*** EXERCISE INPUT Section Begins ***

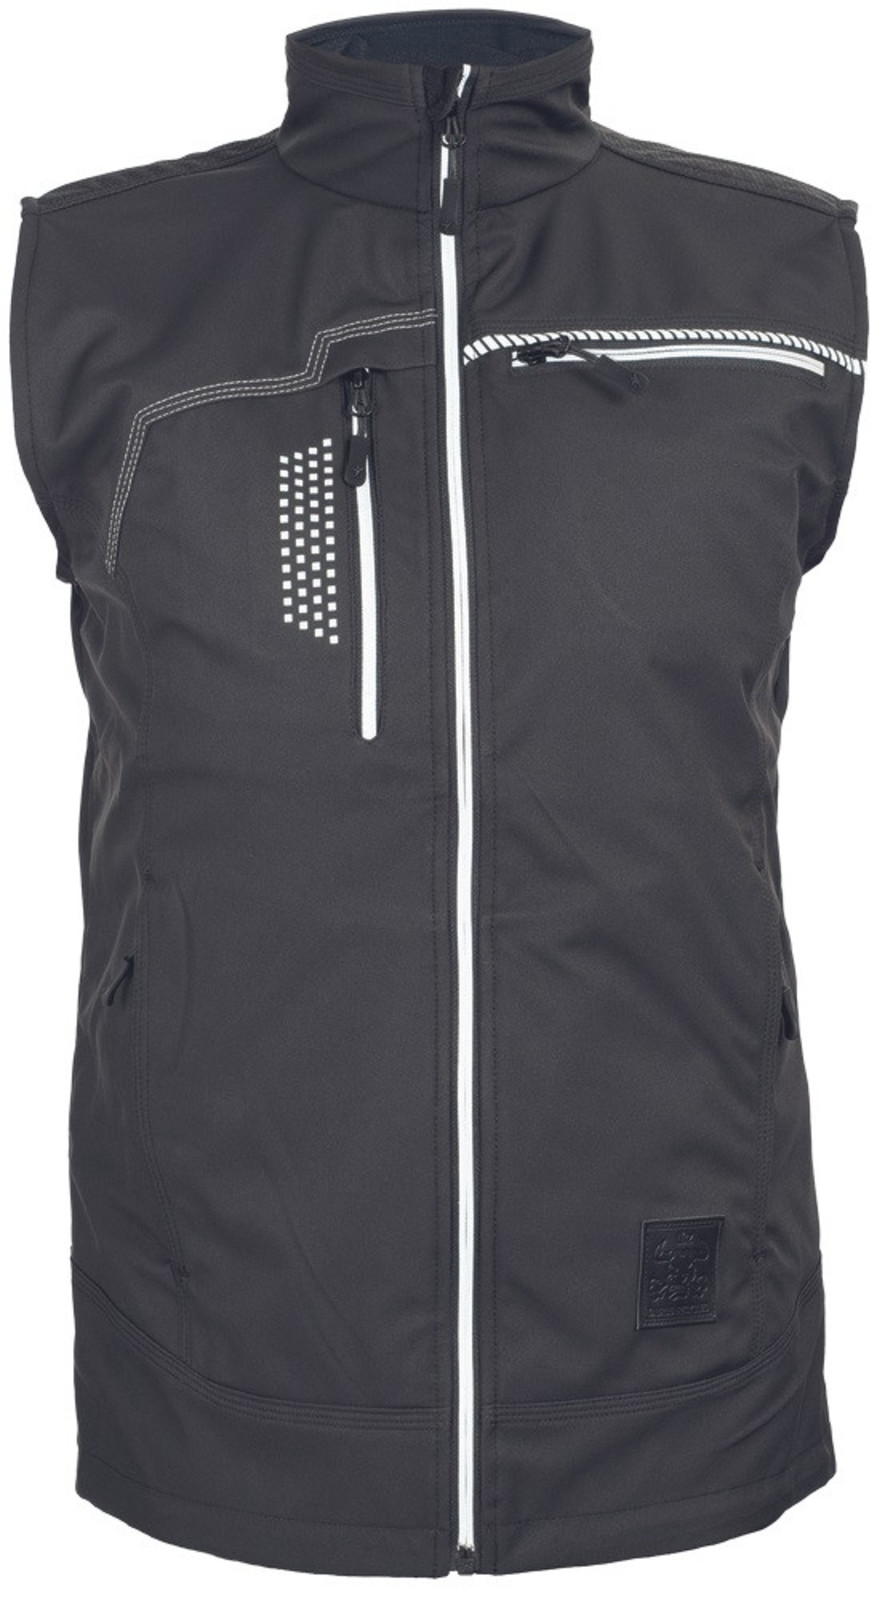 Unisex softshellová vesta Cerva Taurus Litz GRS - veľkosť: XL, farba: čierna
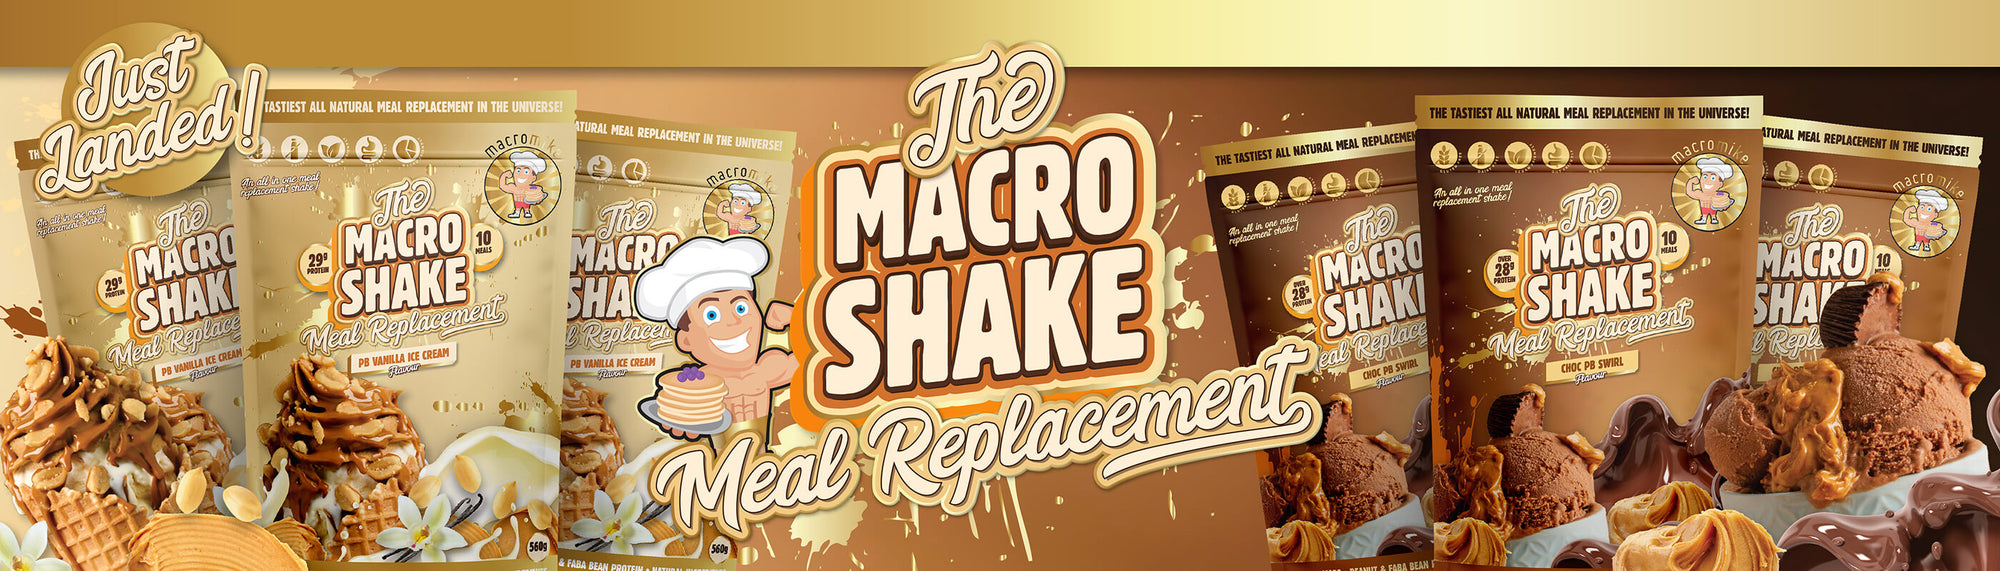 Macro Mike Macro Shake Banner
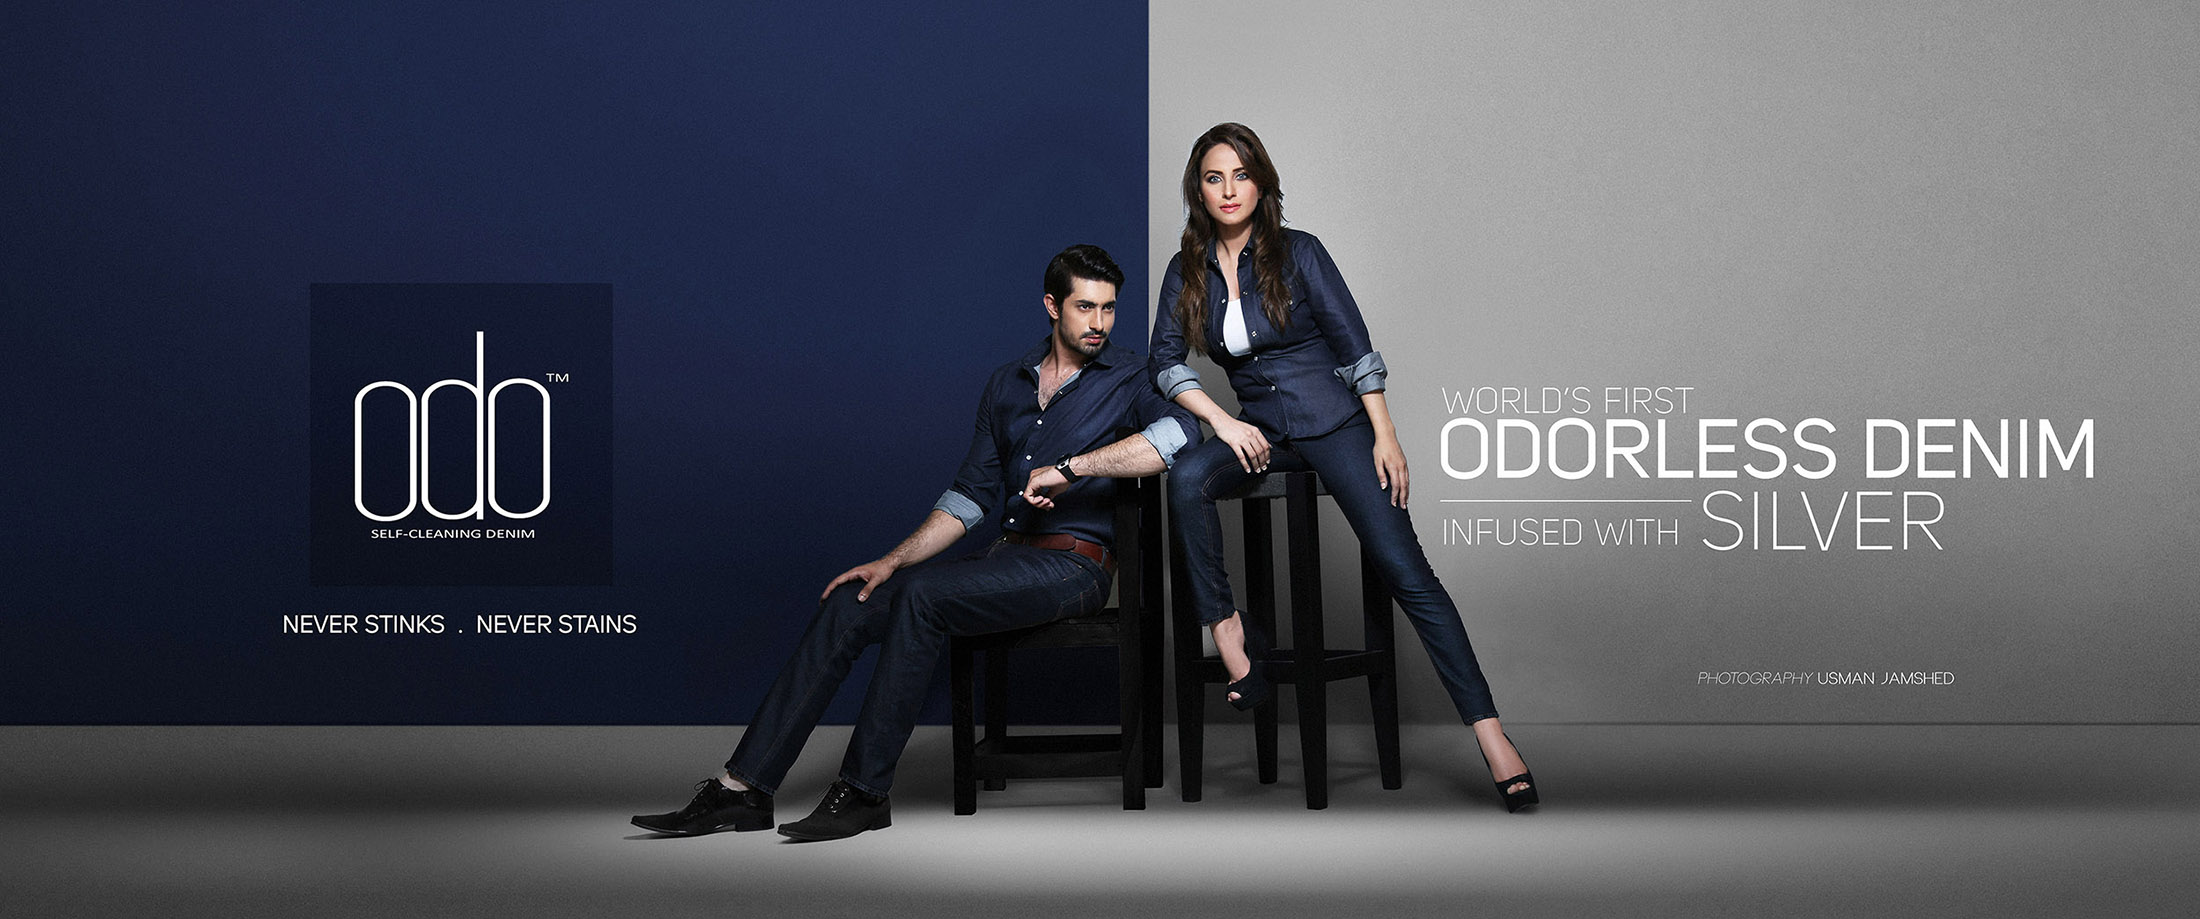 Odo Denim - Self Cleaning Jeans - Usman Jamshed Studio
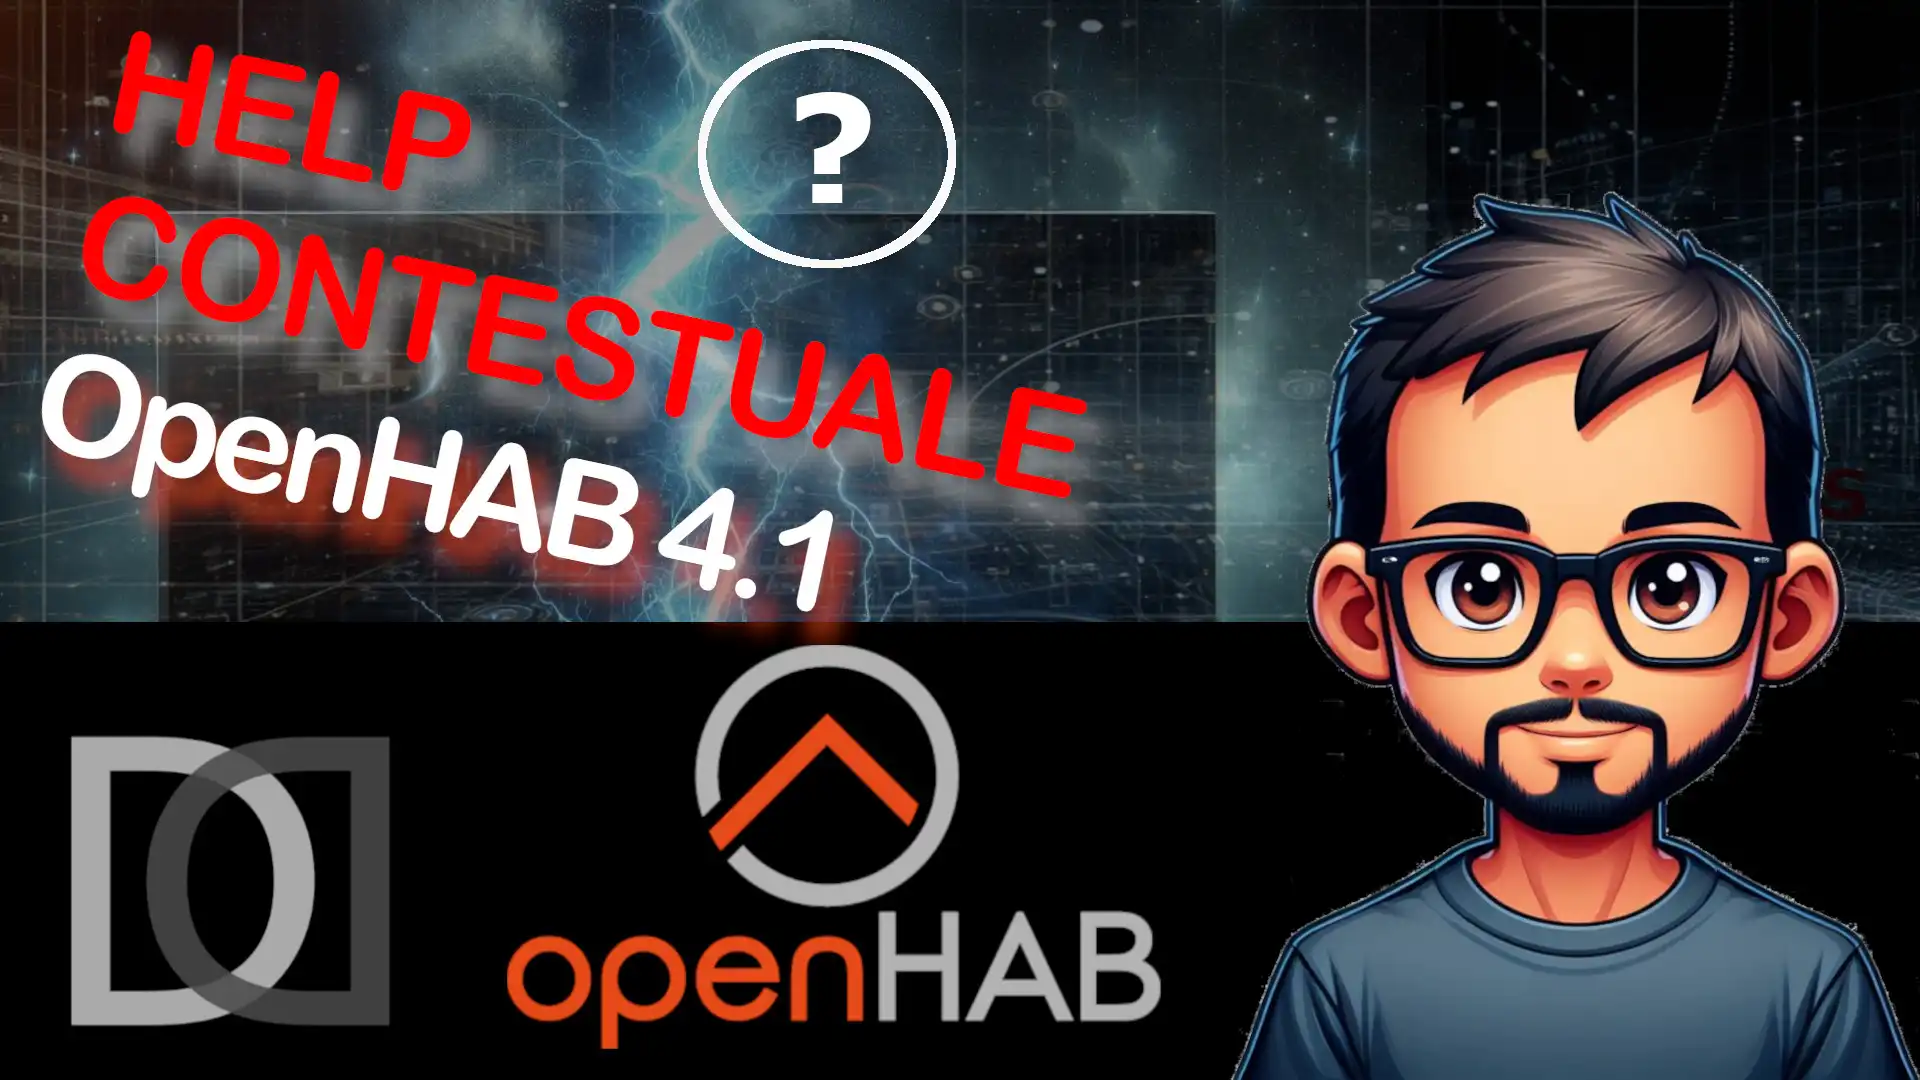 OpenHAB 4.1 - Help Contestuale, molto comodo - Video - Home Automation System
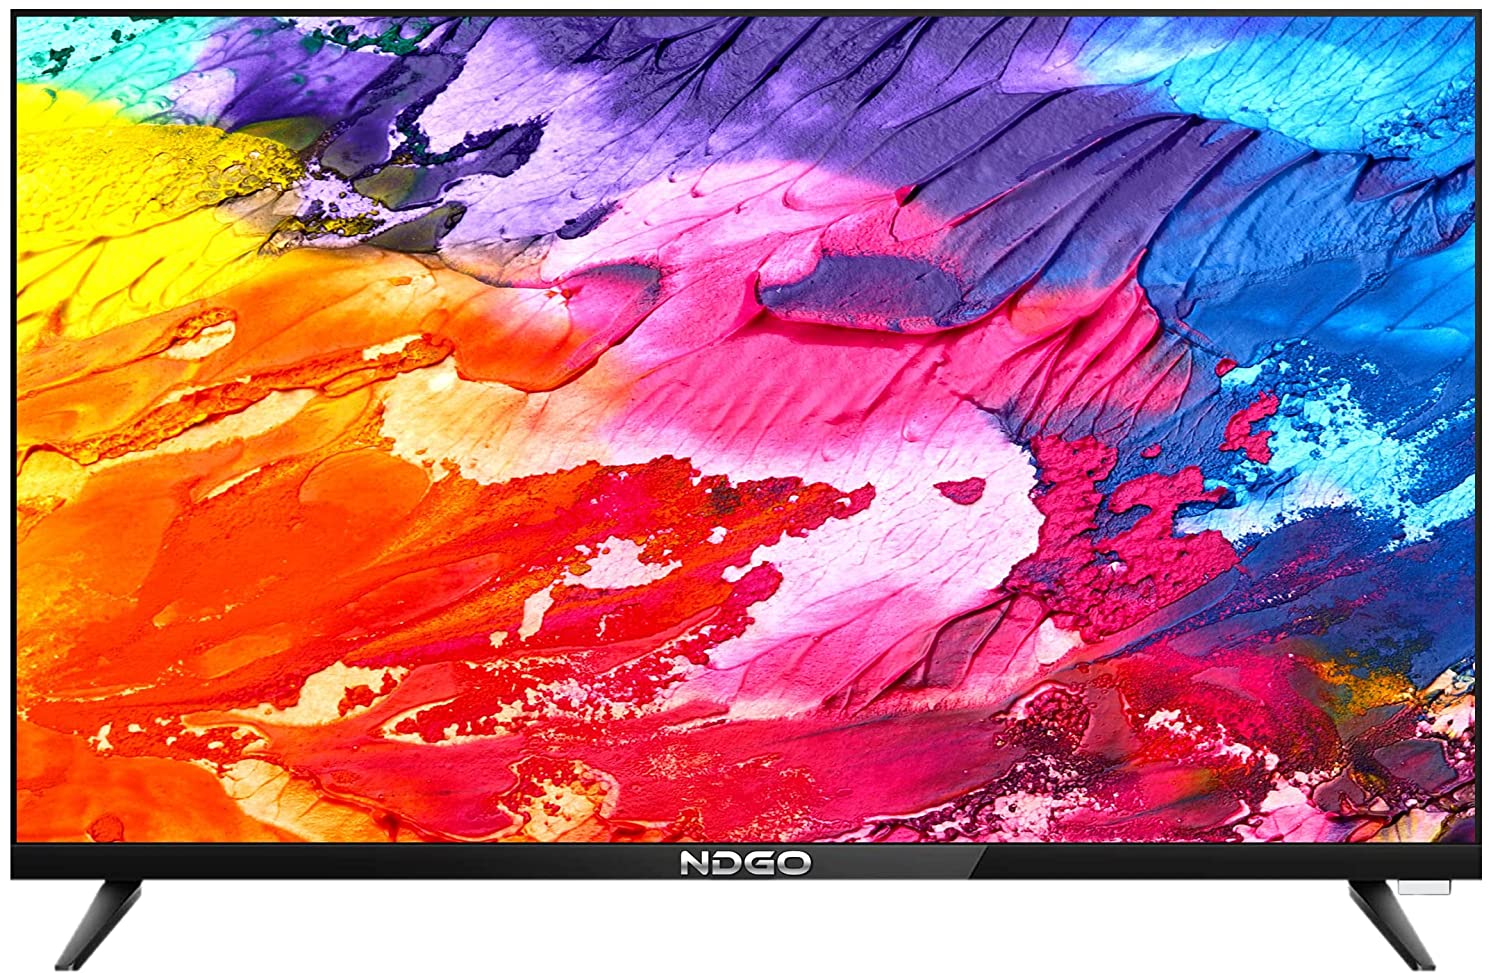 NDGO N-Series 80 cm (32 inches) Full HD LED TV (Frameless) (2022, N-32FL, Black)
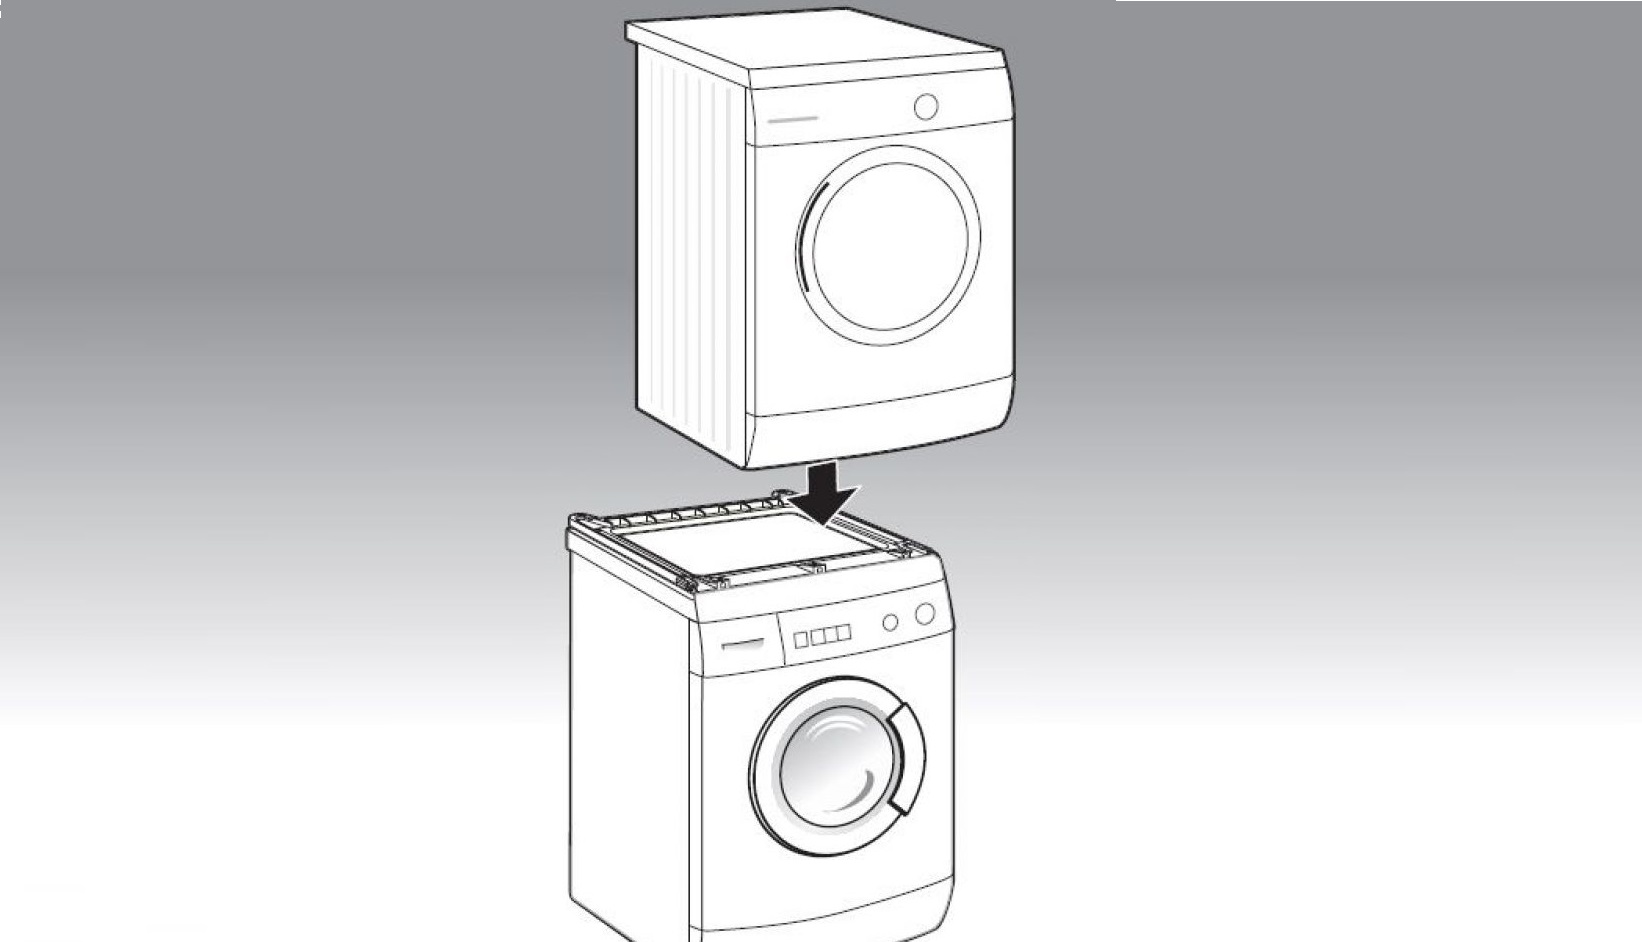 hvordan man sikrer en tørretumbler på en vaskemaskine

*** EXERCISE INPUT Section Ends ***

Whenever you reach a picture, pass over it; print all the other material exactly.

WRITTEN RESPONSE:
 Unisex softshellová vesta Cerva Taurus Litz GRS - veľkosť: XL, farba: čierna
 Macro Mike Macro Shake Banner
 Odo Denim - Self Cleaning Jeans - Usman Jamshed Studio
 OpenHAB 4.1 - Help Contestuale, molto comodo - Video - Home Automation System
 NDGO N-Series 80 cm (32 inches) Full HD LED TV (Frameless) (2022, N-32FL, Black)
 hvordan man sikrer en tørretumbler på en vaskemaskine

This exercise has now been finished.